Sun.Star Cebu

DID YOU HEAR WHAT WE HEARD?

LESS THAN NEWS, MORE THAN RUMOR

- TIP US OFF. TELL US ABOUT IT. [paseares@gmail.com]

HOW DO THEY PICK WHICH TO SHUT DOWN?

Cebu City Hall has identified 14,413 establishm­ents operating business in the city without the mayor’s permit.

Obviously, they know who and where these business owners are. Not a guess since the number is so exact: 14,413. With all those “illegally-operated” business sites, which should be padlocked within a mayor’s term?

And how did they choose which to shut down first? By lottery, random pick, a citizen’s complaint?

Rico Dionson of Rico’s Lechon must be so unlucky as to be the first to go down. And, yes, that owner of a spa in Mabolo too.

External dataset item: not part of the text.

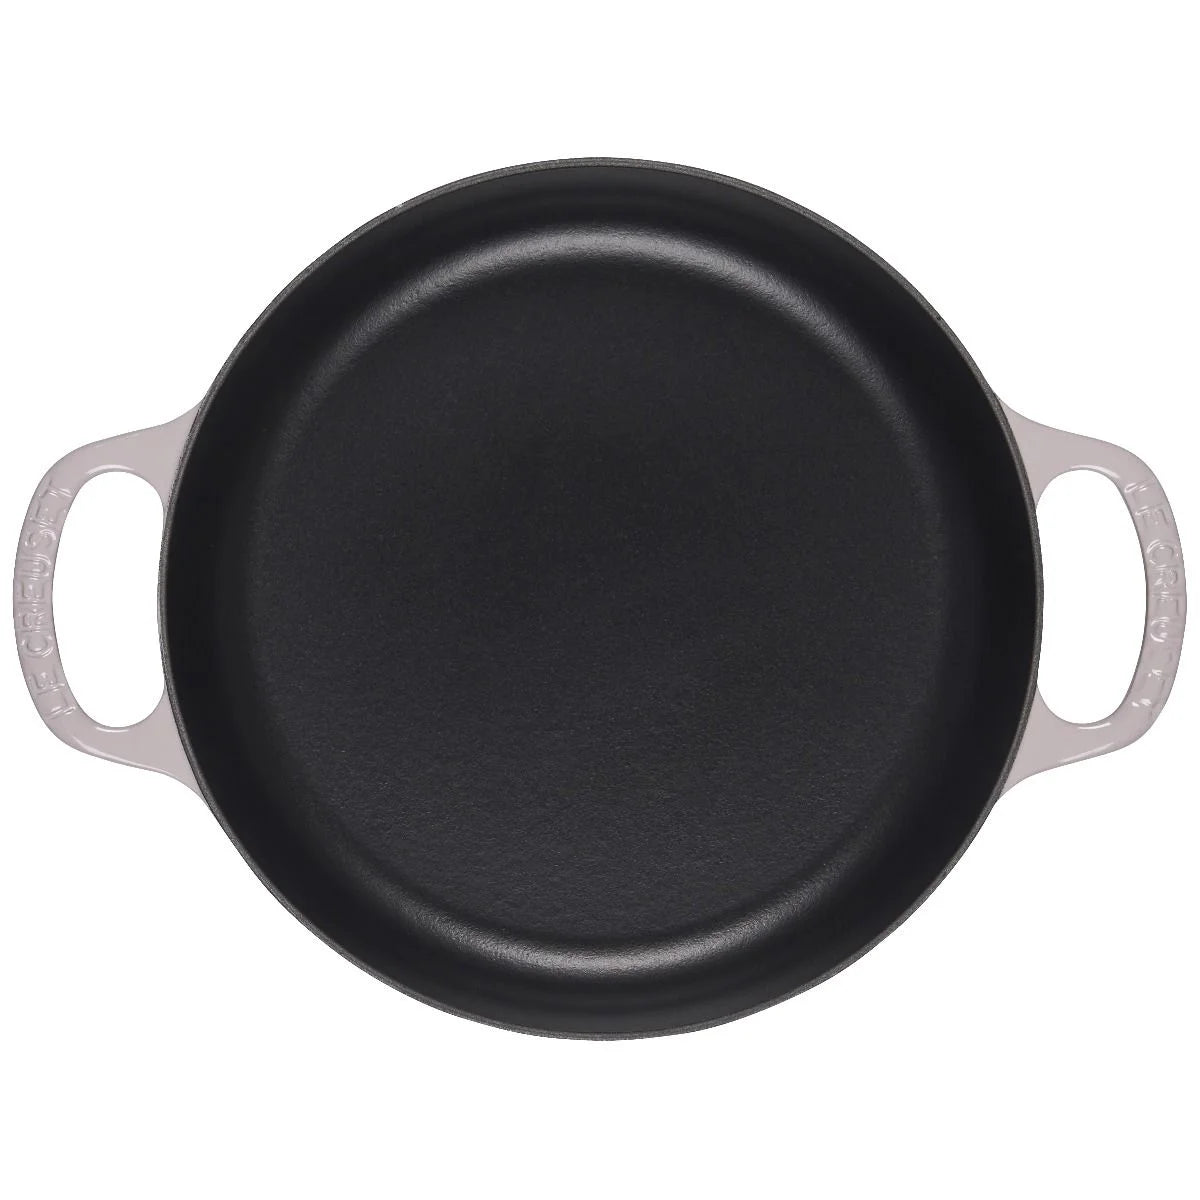 Le Creuset Signature Enameled Cast Iron Everyday Pan, 11-Inches, Shallot - Kitchen Universe

A bank and a mall have been repeatedly threatened of closure by the mayor. Not a random selection, those two firms, entirely intentiona­l. Out of more than 14,000 other possible targets.

WHO'RE TO BLAME

If so many business firms have been getting away with it--that is, without paying fees and taxes-who are to blame? The mayor: Tomas, since 2016, and Mike Rama, the years before that?

Apparently, the number has been rising through the years. Which of the non-paying business owners are being protected by City Hall, with the inspectors not looking or looking the other way?

KOKO ON KILLINGS

Senate President Aquilino Pimentel III, long a compliant ally of the president, finally spoke out against the killings in the drug war.

He didn’t mention Duterte’s name though and limited himself to saying that the killings are “alarming.” “Not because a young man was killed,” Koko said, “but because people are getting killed.” Not strong but would do as a starter. A few other politician­s had long found alarming the rash of deaths in police hands. But they don’t include any leader from the House.

UNUSUAL REASON

Sen. Antonio Trillanes IV wants Sen. Richard Gordon replaced as chairman of the Senate Blue Ribbon committee for a reason not usually used against a sitting leader: Gordon allegedly hogs the discussion.

On the hearings inquiring into the P6.4-billion shabu shipment that sailed through customs, Trillanes said Gordon did most of the talking and shut out other senators. Senate chief Pimentel looked at it differentl­y. Gordon was just being diligent. Or, as others point out, he merely wanted the probe to go the way he wanted it to go.